U.S. interest rate rises, pushing up rates in other countries

The U.S. Federal Reserve’s (FED) benchmark interest rate serves as a parameter for the entire world. It is common that, when it rises, so do the rates of emerging economies to avoid capital flight. This is a central point because interest rates have been rising for several years and further increases are not ruled out.

The U.S. benchmark interest rate was in the range of 0% to 0.25% in 2005. As of August 2023, following the latest 25 basis point hike at the Fed’s July meeting, the U.S. benchmark rate is at 5.25% and 5.50%.


In recent statements, Fed chief Jerome Powell said that interest rates could continue to rise “if necessary” to control inflation.

The interest rate hike in the United States responds to an economic conception that considers inflation as the greatest risk of the economy and the interest rate as the main tool to control it, according to Miguel Angel Rodriguez, research coordinator of the Center for Labor Studies (Cedetrabajo).

Many emerging countries fall into the Fed’s game

Rodríguez considers that “raising the interest rate to control inflation leads to paralyzing the economy and hitting employment.
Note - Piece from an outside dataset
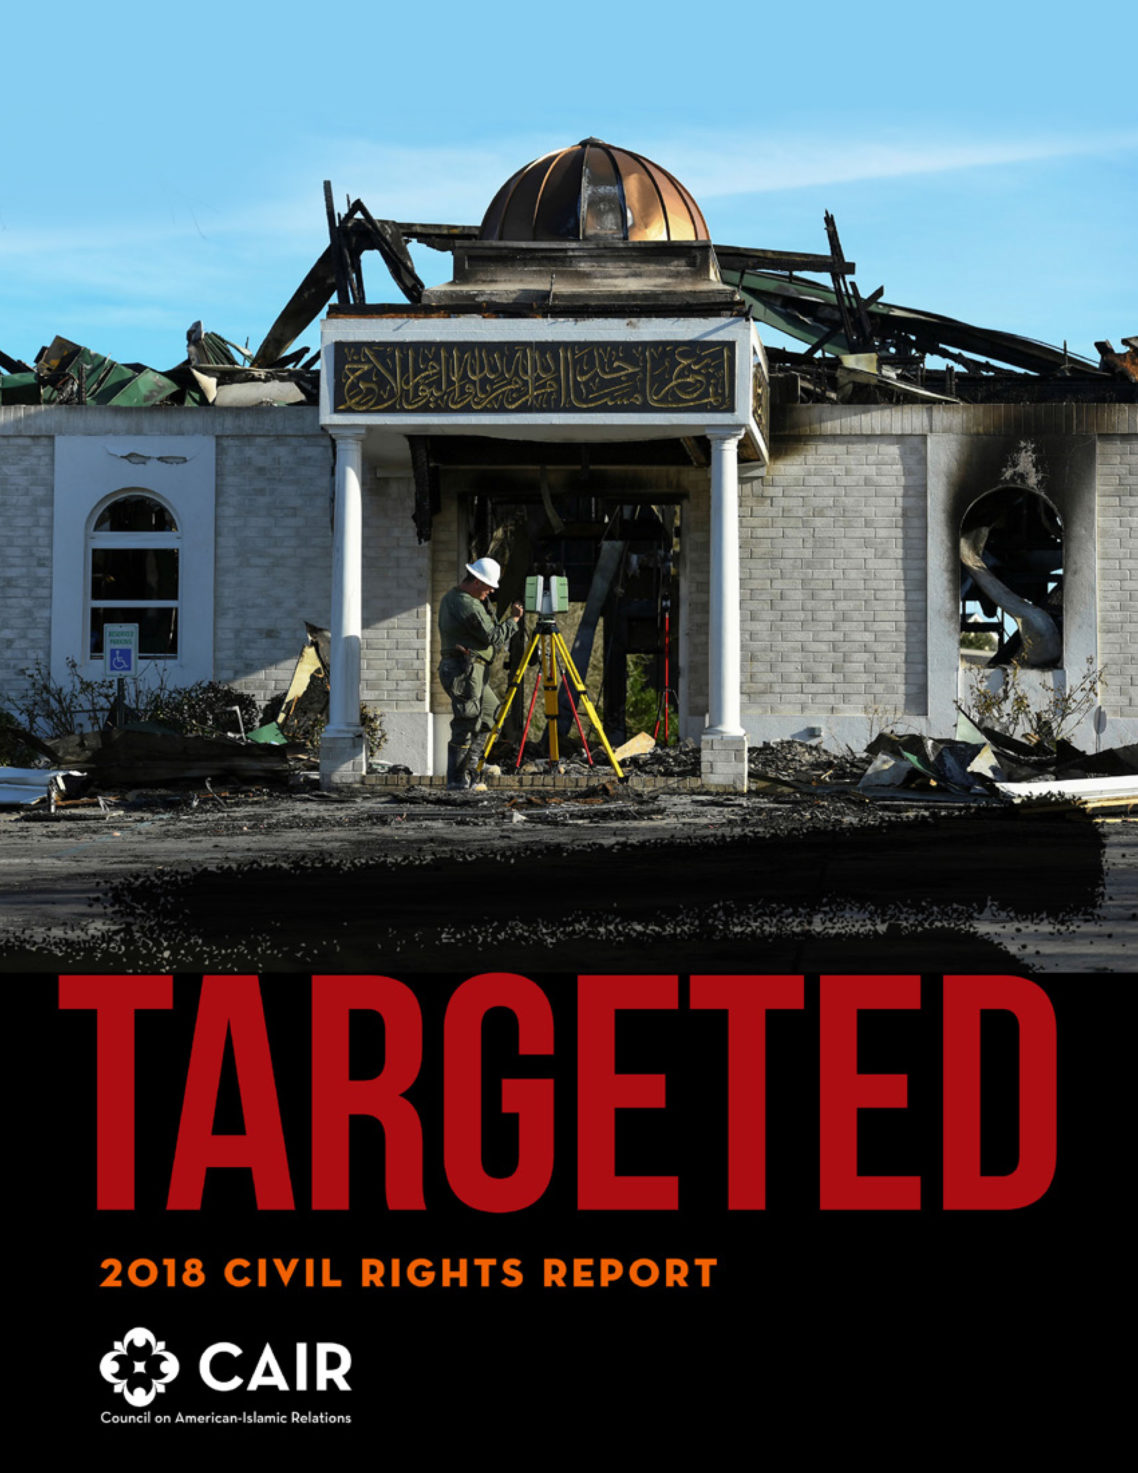 Targeted: 2018 Civil Rights Report

Moreover, in developing countries, where inflation is very sensitive to external conditions, raising the local interest rate does not always manage to control price increases as expected”.

Despite the researcher’s contention, there are many countries, besides the United States, that continue to use the interest rate as the main tool for controlling inflation.

The Central Bank of Turkey raised the interest rate from 17.5% to 25% in August of this year, as reported by the same entity. The reasons were to combat inflation and prevent capital outflows from Turkey to developed countries.

Similarly, in Mexico, the interest rate has been rising. It went from 4% in 2021 to 11% in 2023. In this case, it has served to slow down the economy due to lower credit for companies, but it has not prevented families from continuing to get into debt.

From April to June 2023, Mexican companies lowered requests for financing with commercial banks. This means that companies are taking out fewer loans. On the contrary, from January to June 2023, consumer loans (which are for individuals) increased by 18% compared to the same semester of the previous year, according to the Mexican newspaper Milenio.


Not all countries act in the same way

Unlike the examples of Mexico and Turkey, there are other countries that are beginning to move away from the upward spiral generated by the decisions of the United States. An example of this was Chile, which lowered its interest rate by 100 basis points at the end of July, bringing it down to 10.25%.

Brazil did something similar at the beginning of August. Brazil reduced its interest rate by 50 basis points for the first time in three years, bringing it to 13.25%.

In fact, some analysts are already saying that “the interest rate reduction phase has begun in Latin America”, as stated by Germán Cristancho, economic research manager at Davivienda.